The peptidoglycan (PG) cell wall has long been an attractive target for antibiotic intervention since the late stages of its synthesis take place on he solvent accessible surface of bacterial cells. This essential macromolecule defines bacterial size and shape and provides cells with mechanical strength to resist cell envelope breakdown. Additionally, recent research has demonstrated the importance of the spatiotemporal coordination of PG biosynthesis for bacterial growth, revealing a vulnerability that can be exploited for the development of new antibiotics. The development of methods to enable spatiotemporal tracking of PG synthesis in live bacterial cells is critical to advancing the understanding of the mechanisms of PG synthesis dynamics. In the absence of such methods, identification of new antibiotic targets or identification of novel antibiotic agents will remain elusive. This project has three specific aims that are focused on a long-term goal of elucidating the mechanisms of PG synthesis dynamics. The first Specific Aim seeks to design and develop a series of D-amino acid- and dipeptide-based fluorogenic probes, with optimized photophysical properties, that when coupled with integrated nanochannel and microfluidic devices, and automated image analysis tools, will propel the study of PG dynamics to an unprecedented level of spatiotemporal resolution. The subsequent specific aims will utilize these tools and approaches to analyze the mechanisms of PG dynamics in bacterial model systems with differing cell shapes and cell envelope architectures.
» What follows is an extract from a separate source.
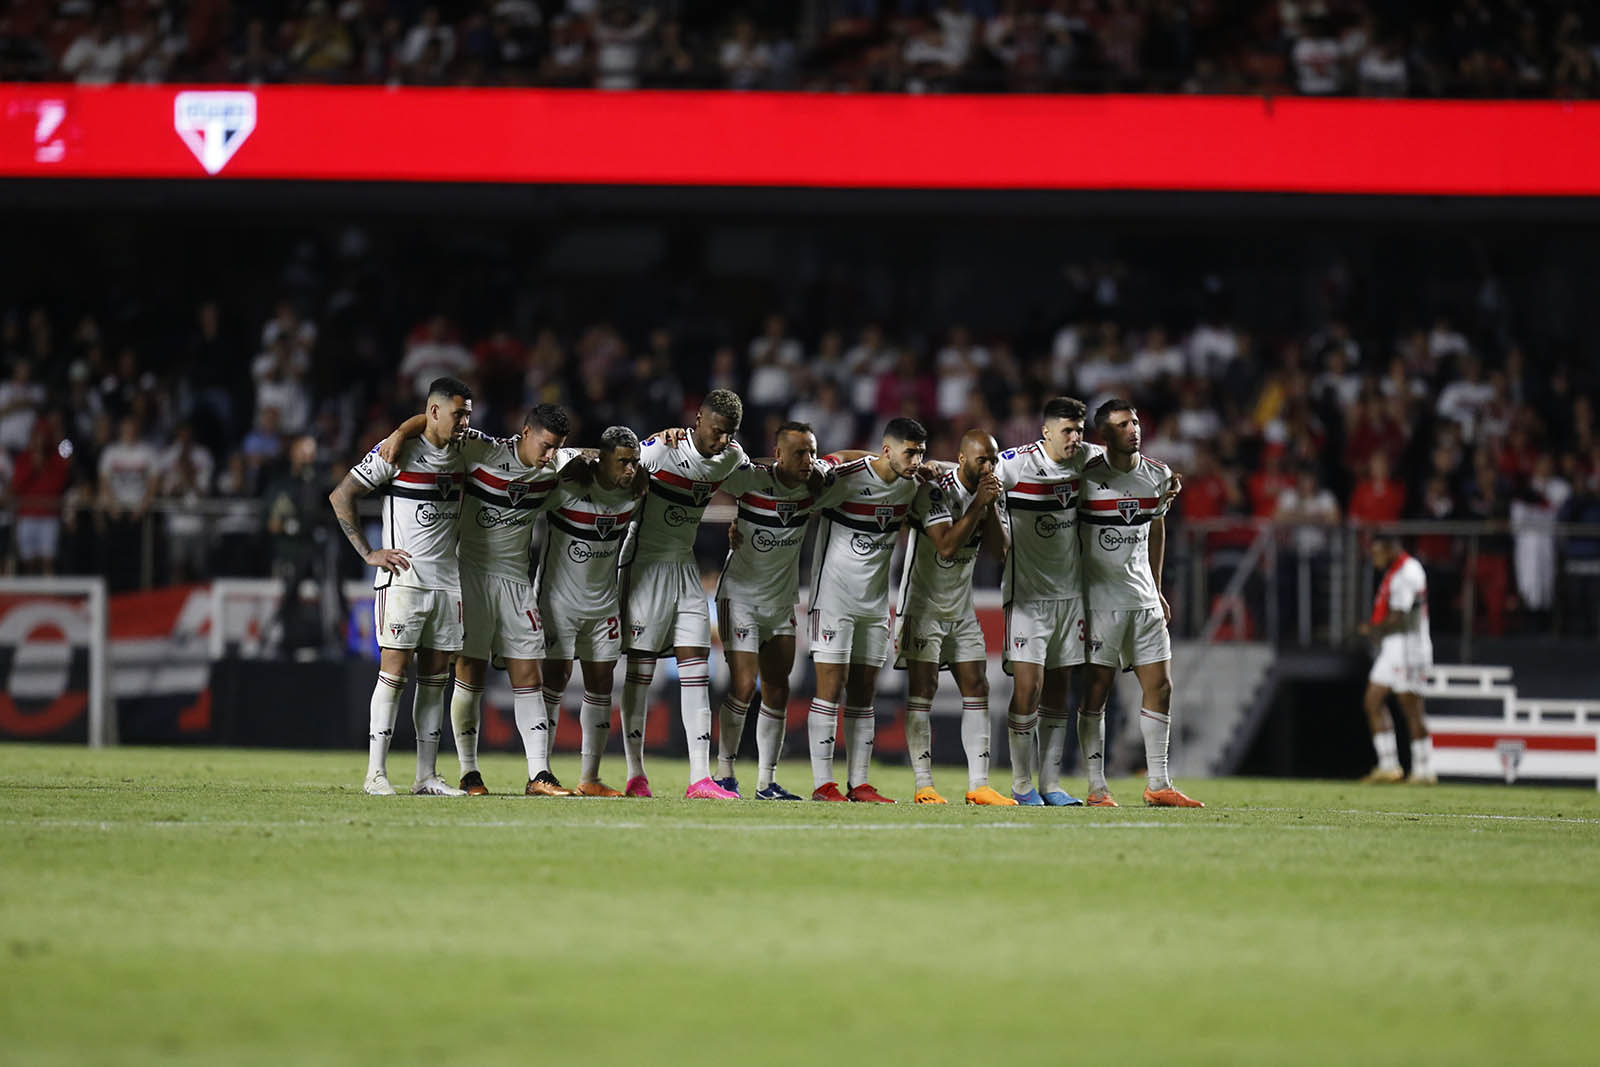 Descontos para sócios forçam São Paulo a ter preços exorbitantes para final da Copa do Brasil

In Specific Aim 2, the probes and methods developed under specific aim 1 will be employed to test two major and long-standing hypotheses regarding the spatiotemporal coordination of the elongation and division PG synthesis machineries as well as the coordination between PG hydrolysis and synthesis in the principal model for ovoid-shaped cells, Streptococcus pneumoniae.
In Specific Aim 3, PG spatiotemporal dynamics will be examined at an unprecedented resolution for the major model species for rod-shaped Gram negative bacteria with a thin layer of PG, E. coli, and for rod-shaped Gram-positive bacteria with a thick layer of PG in the model organism, B. subtilis. Furthermore, Aim 3 will leverage a high-throughput microscopy screening platform, the availability of a comprehensive strain collection in which each gene has been separately deleted, and the powerful genetics of both species, to systematically and randomly screen for genes involved in PG synthesis dynamics. The comparative analysis of the three model systems will identify the core principles of PG dynamics and how they can be modified to yield different outcomes in dynamics, cell shape and cell envelope architecture.
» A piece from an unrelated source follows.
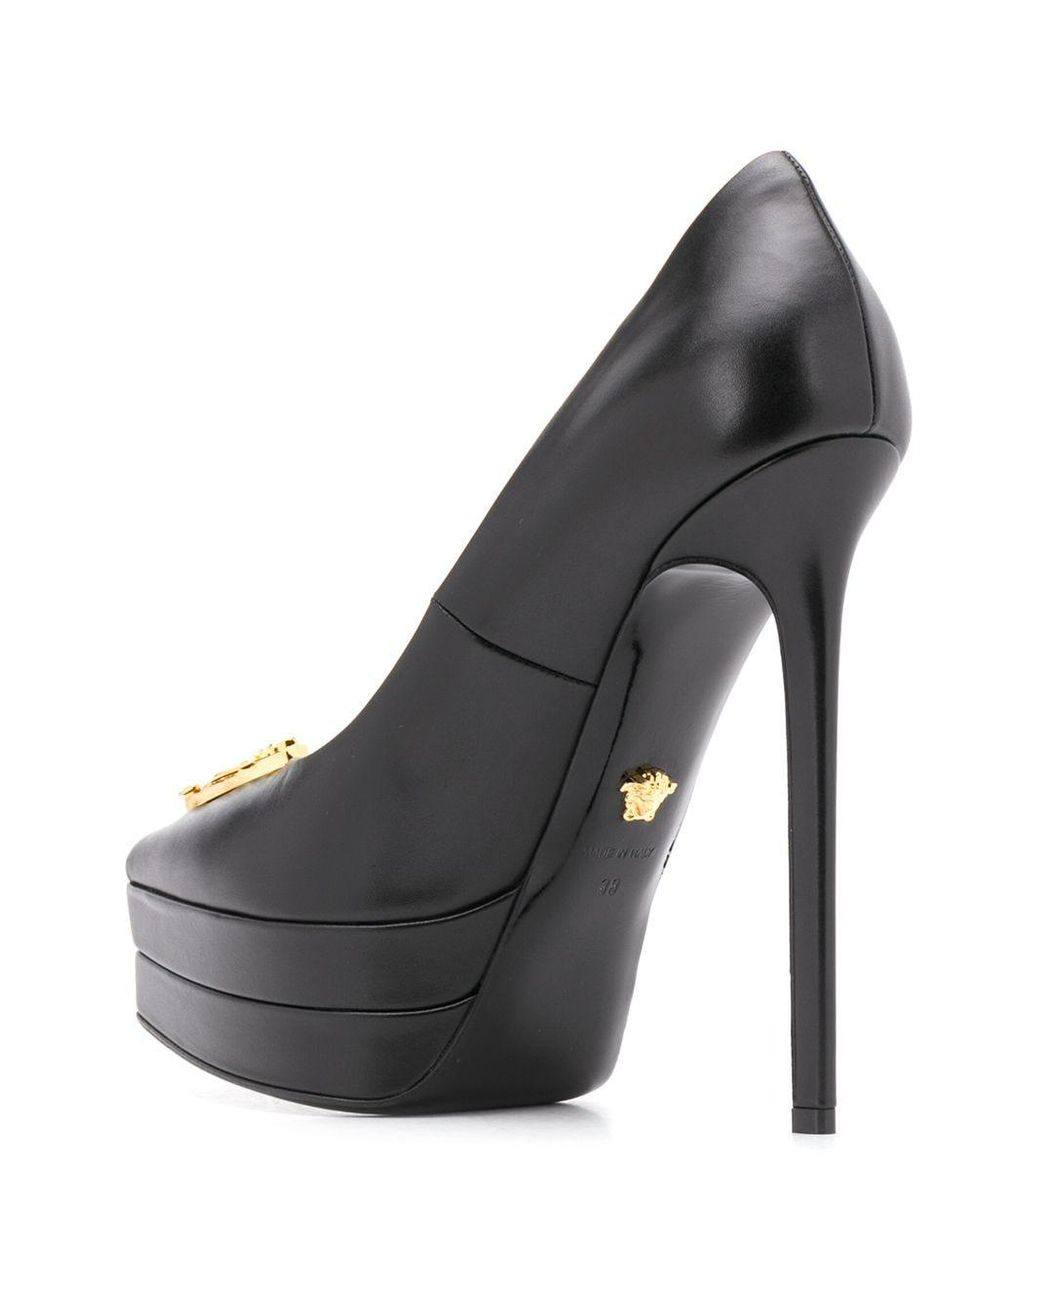 Cuñas De Piel Con Plataforma 160mm Versace de Cuero de color Negro Mujer Zapatos de Tacones de Cuñas y zapatos de salón

Aims 2 and 3 will feed back into Aim 1 and lead to the design of improved probes and nanochannel configurations. The highly integrated approach, coupled with the individual expertise of the investigators, will provide an unprecedented understanding of PG synthesis and dynamics that can be used to uncover new antibacterial targets, an important step toward addressing the critical need for the discovery of new antibiotics.
Bacterial resistance to currently available therapeutic agents represents a significant threat to public health. The research proposed in this application seeks to continue the development of fluorescent D-amino acid (FDAA) probes for detailed study of the dynamics of peptidoglycan (PG) synthesis. Use of these probes, in conjunction with microfluidic devices and advanced image analysis tools, will provide an unprecedented opportunity for study of the key steps and genes involved in PG synthesis and will unveil new targets for antibiotic intervention.